Same screen. Same question. Before and after eight rounds of prompt tuning:

A MoonPay bank selection screen — Select your bank, two linked accounts, and an info card explaining withdrawal limitations
The screen both versions were asked to review.
Prompt

Before: "what do you think of this view?"

Prompt

After: "what do you think of this view?"

The before version produced 22 bullet points covering every element on screen — missing states, loading spinners, colour contrast, touch targets. Generic observations applicable to almost any screen. It name-dropped the Von Restorff Effect. It suggested adding haptic feedback. None of it was wrong. But none of it identified the actual problem with the design.

The after version asked three questions and within two turns had identified the core issue: the screen frames a security feature as a limitation. "Select your bank" sets an expectation of choice, then the info card contradicts it.

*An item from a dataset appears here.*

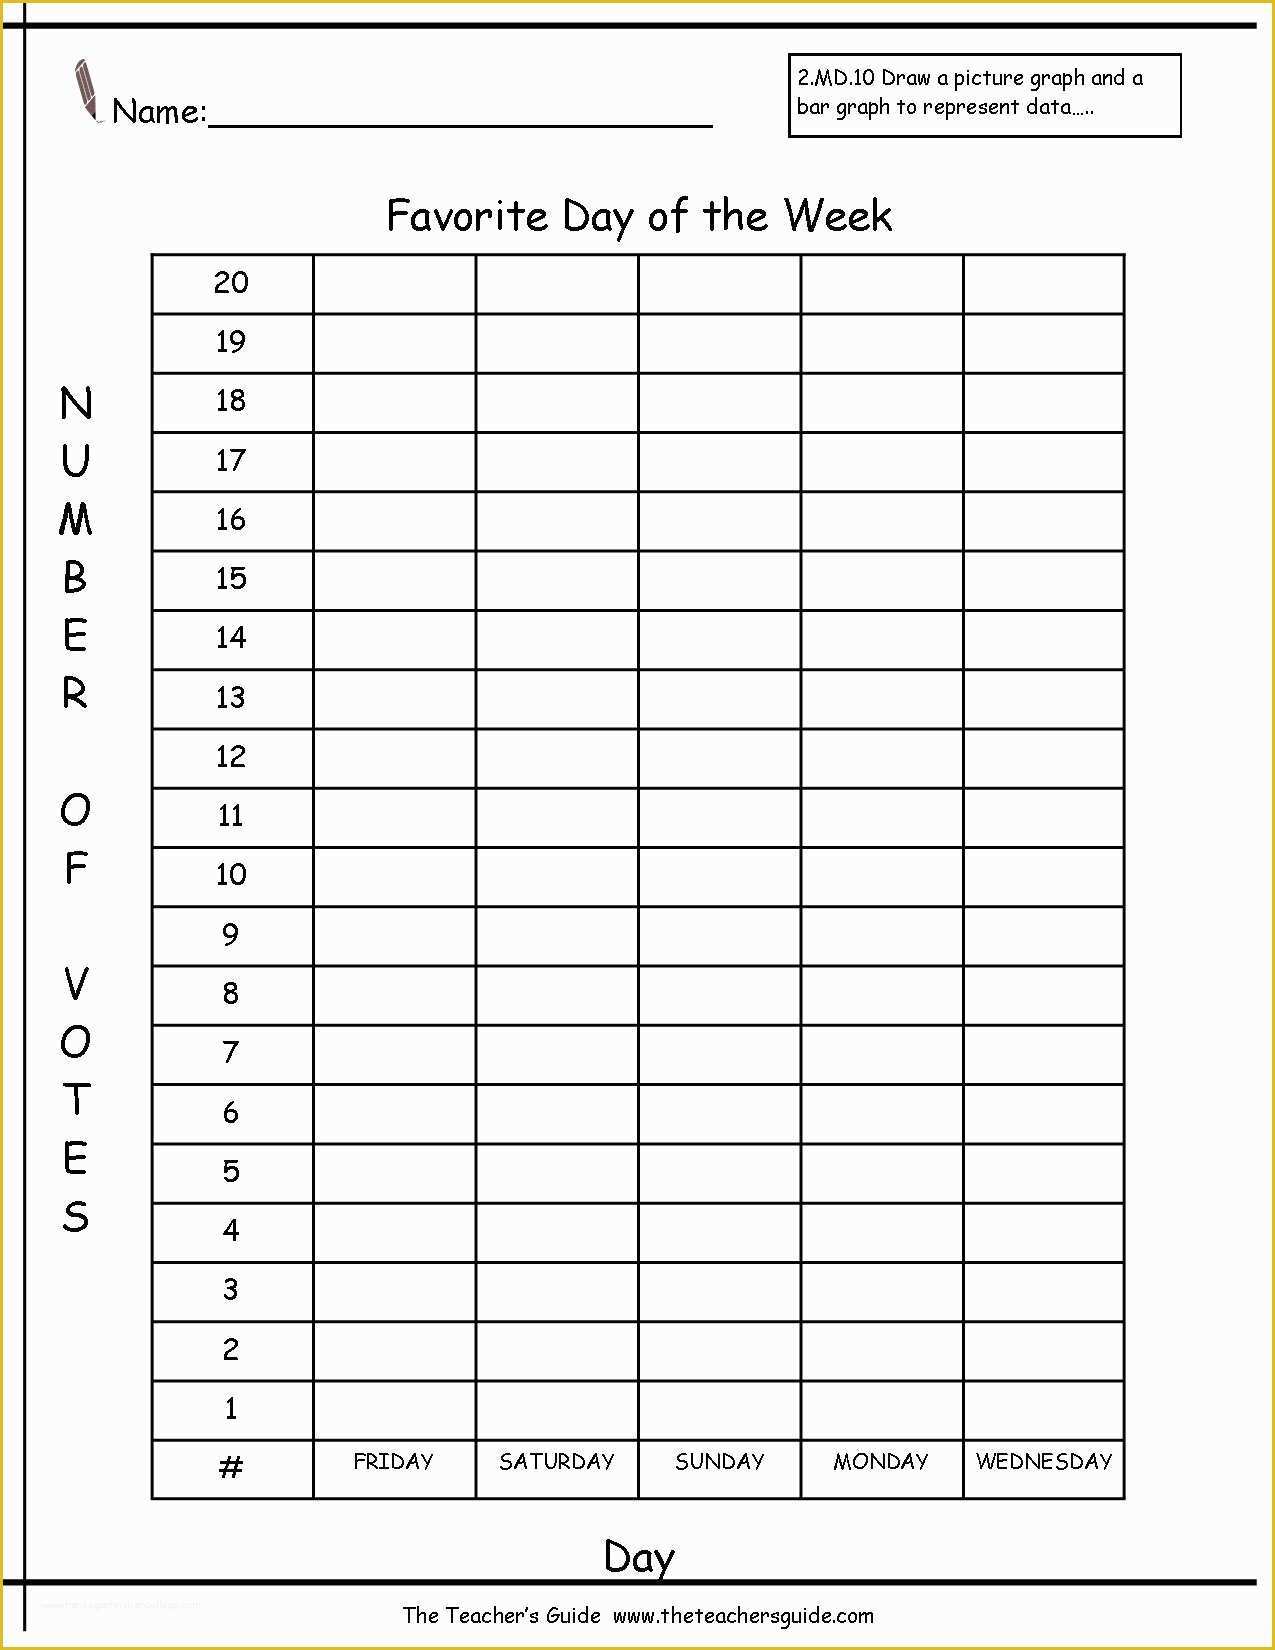 Free Graph Chart Templates Of Reading and Creating Bar Graphs Worksheets From the

The fix isn't a missing loading state — it's reframing the mental model entirely. That's the difference between an auditor and a thinking partner.


Quiet Adoption

The tool wasn't mandated. It was announced, made available, left to find its own audience.

Adoption was fast — mostly because the content governance plugin had primed the team. The ruleset was the same; the plugin was just more intelligent, assessing the full canvas context rather than text in isolation. Designers quietly started opening it alongside their work. It replaced the screenshot-to-ChatGPT habit most of them already had.

Async feedback in Slack and Figma comments started happening more. People were unstuck. Conversations that used to wait for crit now surfaced in-flow. The pace of work shifted organically — incrementally, in a way you didn't really notice until you did.

A few PMs working on side missions asked for access. They were seeing craft elevation from the designers they worked with and wanted to level up their own work — copy experiments, simple UX calls they'd otherwise need a designer for. The tool found a cross-functional audience without me pushing it there.

Design labs improved. People stopped getting hung up on low-level things that didn't matter. That wasn't because there weren't things to discuss — it was because the tool had already handled the pattern-matching, and designers arrived with sharper questions.

I can't say everyone used it, or that every designer got dramatically better. What I can say, from direct observation: it changed workflows, made people move quickly, and made conversations sharper. That's the honest evidence. The kind you see in the room, not on a dashboard.


Everyone a Level Above

The principle underneath all of this: it makes everyone a level above where they actually are.

Juniors get coaching without relying on senior availability. Many teams, even large design teams, don't hire juniors because they can't afford the coaching time. This is that coach. Mid-levels gain confidence — they stop second-guessing, make decisions backed by principles, move faster. Seniors catch blind spots they hadn't considered, not fundamental ones.

And then there are the people who aren't product designers at all. PMs, engineers, marketers with editor seats doing "product designy things" out of necessity. Giving these people a co-pilot is like giving a designer access to Claude Code. Genuine superpowers, if it works well.

It's not a gatekeeper. The designer has final say, always. The moment a tool like this feels like a gatekeeper, people stop using it. It's a thinking partner grounded in the product they're building — the design system, the content rules, the UX principles, the platform conventions. Not just a screenshot and a prayer.

It raises the floor so the ceiling is the only thing left to worry about.